Nina began to type a name into the search bar: Francesca Whit… But she quickly deleted it, her hands clammy. It frightened her the most to find her mother. She wasn’t sure why.

She decided on a safer bet: her eldest brother, Alexander.

Of all the Alexander Whitmores in the world, Nina’s brother was the first to pop up. Unsurprisingly, in the wake of the fire, he’d become incredibly successful, going first to undergraduate school at the University of Massachusetts and then to flight school at Purdue University, one of the best in the country. By the age of thirty-one, he’d been named a pilot for United Airlines and, according to LinkedIn, had since worked for everyone from Lufthansa to Turkish Airlines to British Airways. In the first photograph, he wore a pilot’s uniform and looked in his mid-forties with penetrating dark eyes and a firm jaw. He was the sort of man you wanted to see enter the cockpit, the sort you were sure would get you home safe. Nina’s heart felt squeezed, and she closed her computer and forced herself to take deep breaths.

But her brother looked like their father, Benjamin, so much so that Nina found it difficult to shake off the idea that she’d just seen her father’s ghost.

Suddenly, she remembered what her uncle had told her on the final birthday she’d spent on the island.
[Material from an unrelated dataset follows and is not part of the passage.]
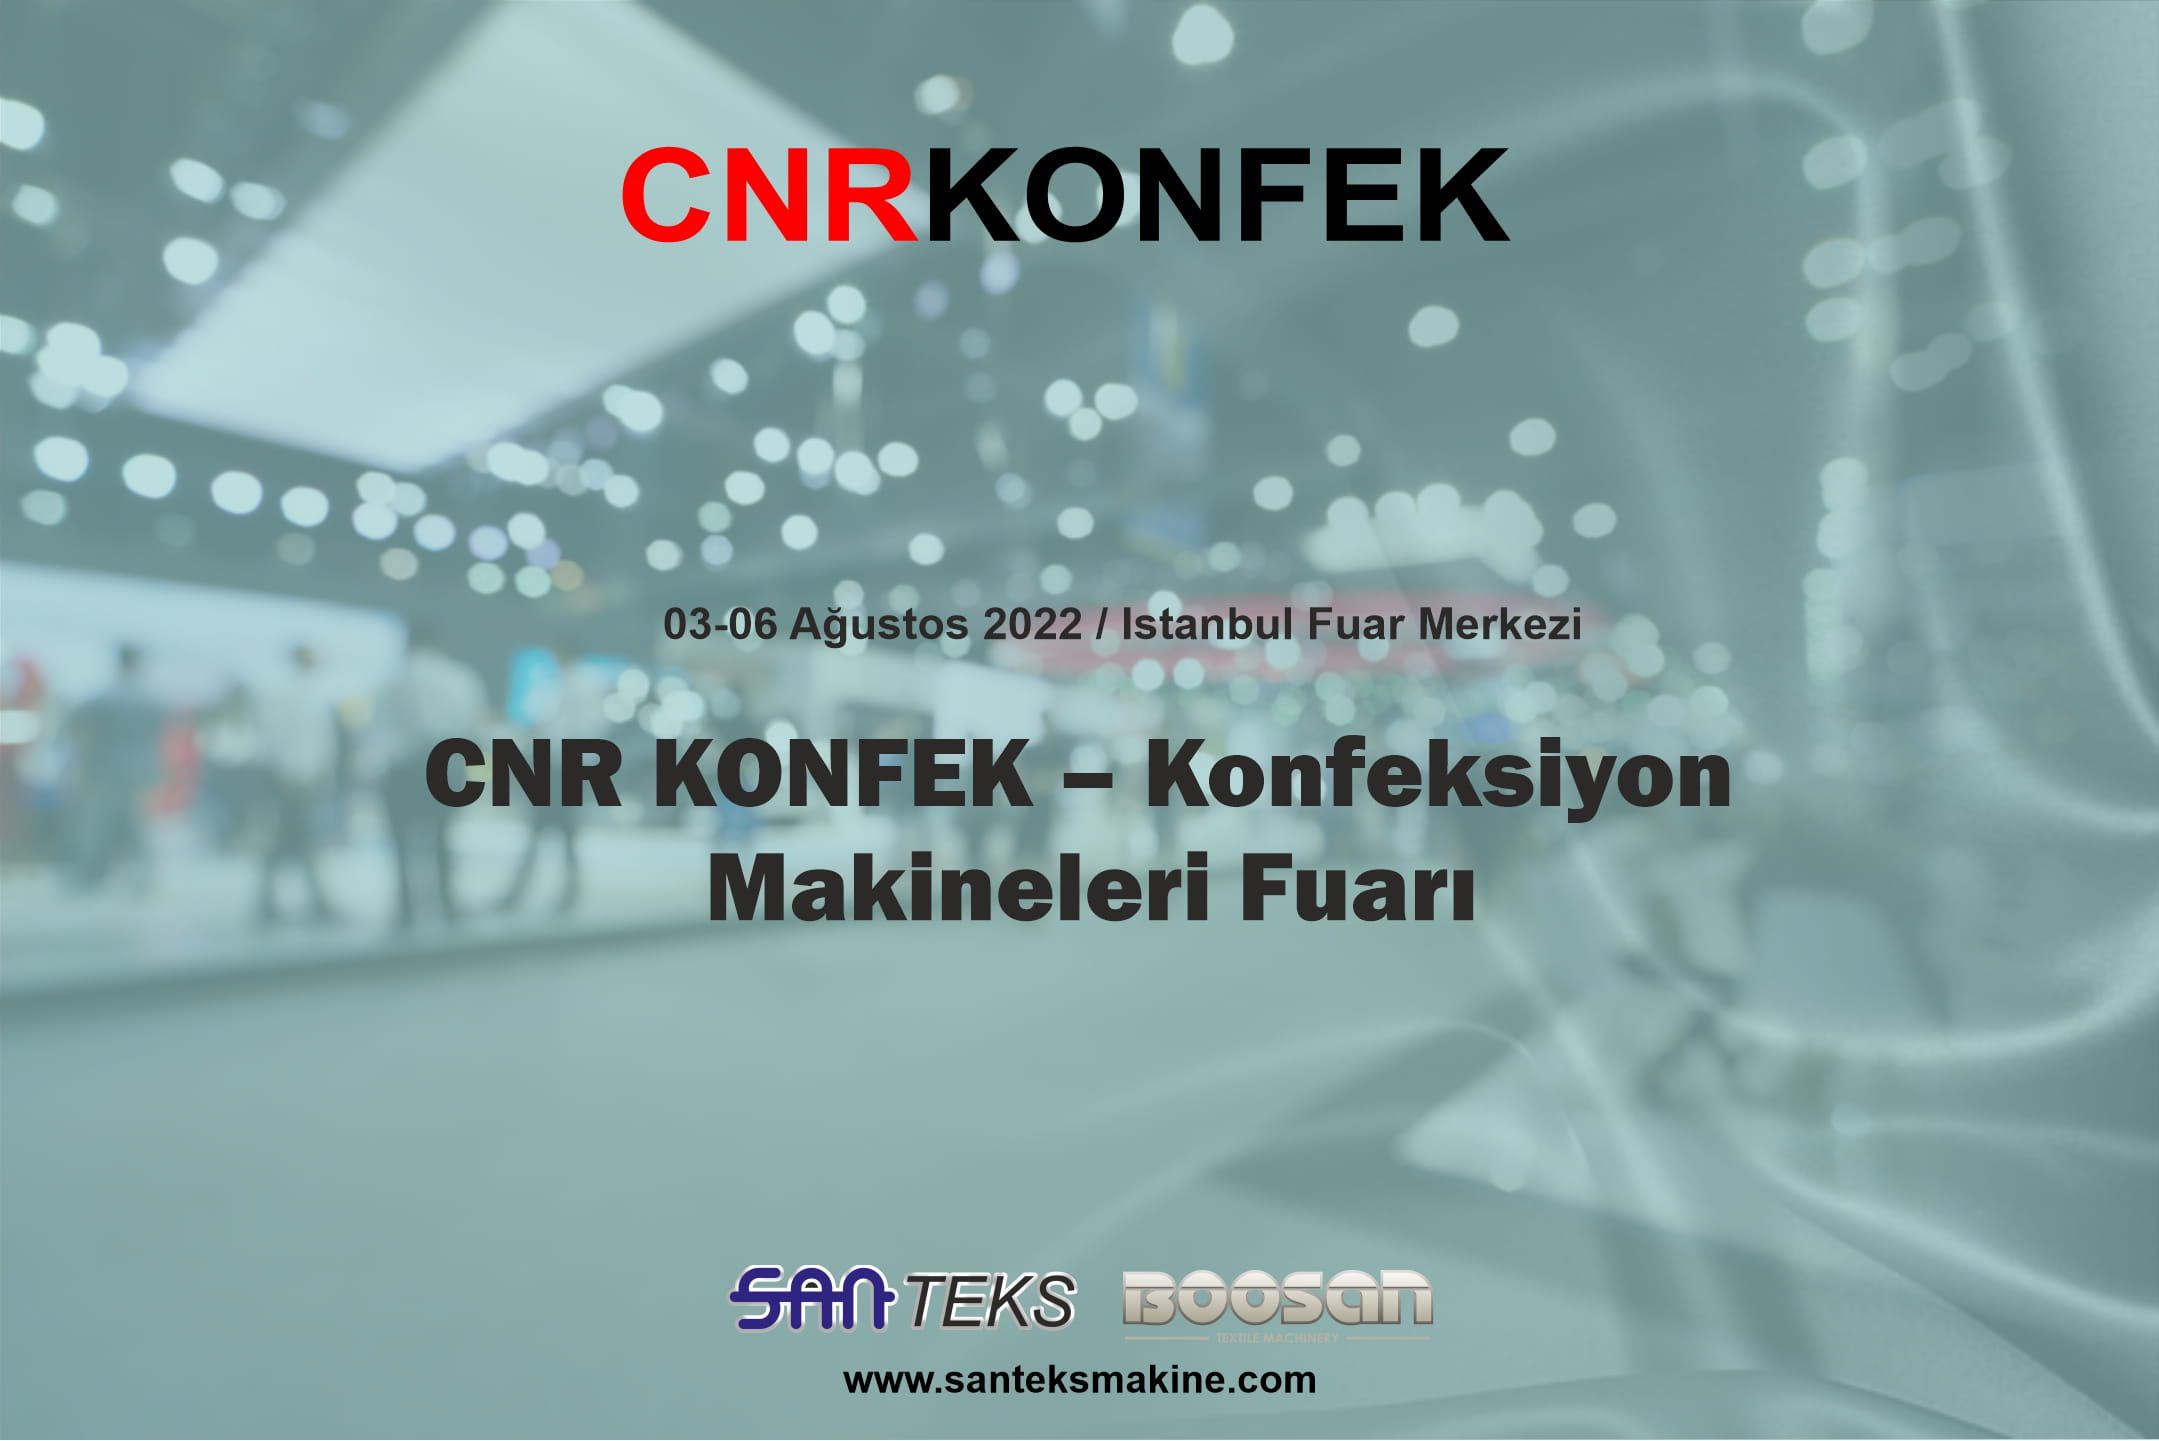 CNR KONFEK – Konfeksiyon Makineleri Fuarı
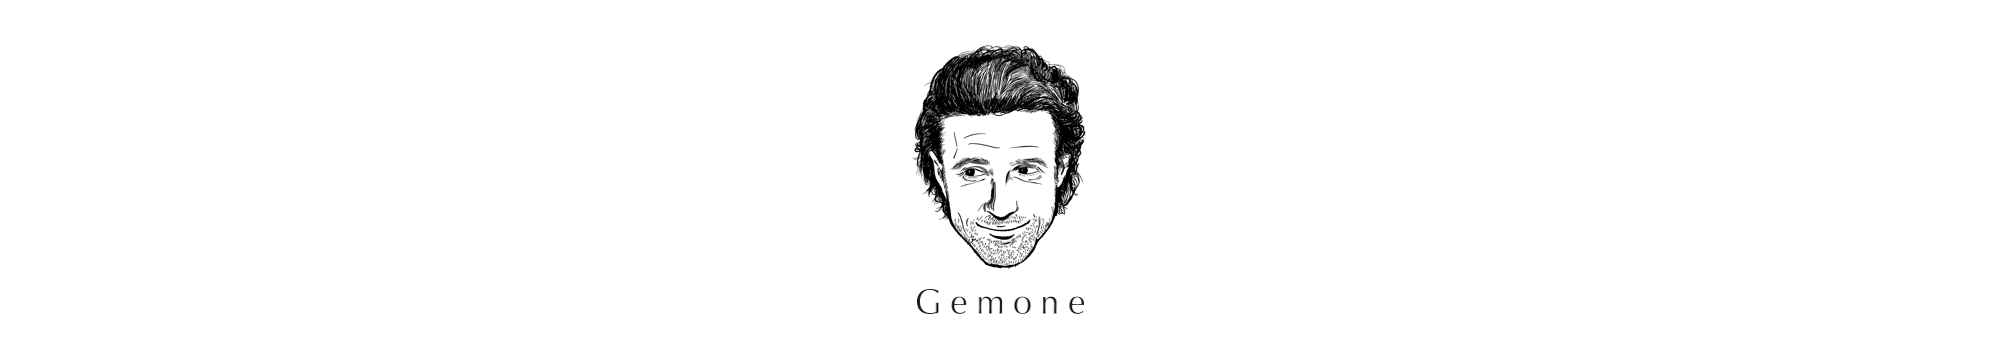 Gemone新ブランドローンチのお知らせ

Tio Angelo had said that Alexander didn’t want to take over the family business and wanted nothing to do with the hotel. He wanted to go his own way and build the life of his dreams. It was clear that he'd done exactly that in going to flight school and moving all over the world.

A thought rang between her ears, one she wanted to dismiss: Did Alexander burn the hotel down so he could escape the family?

But now that she’d brought the idea into the world, she knew she had to entertain it. A good anthropologist had no business eliminating a theory without evidence.

With a shaking hand, she wrote in a notebook: Possibility of arson? Alexander? Motive: he wanted out.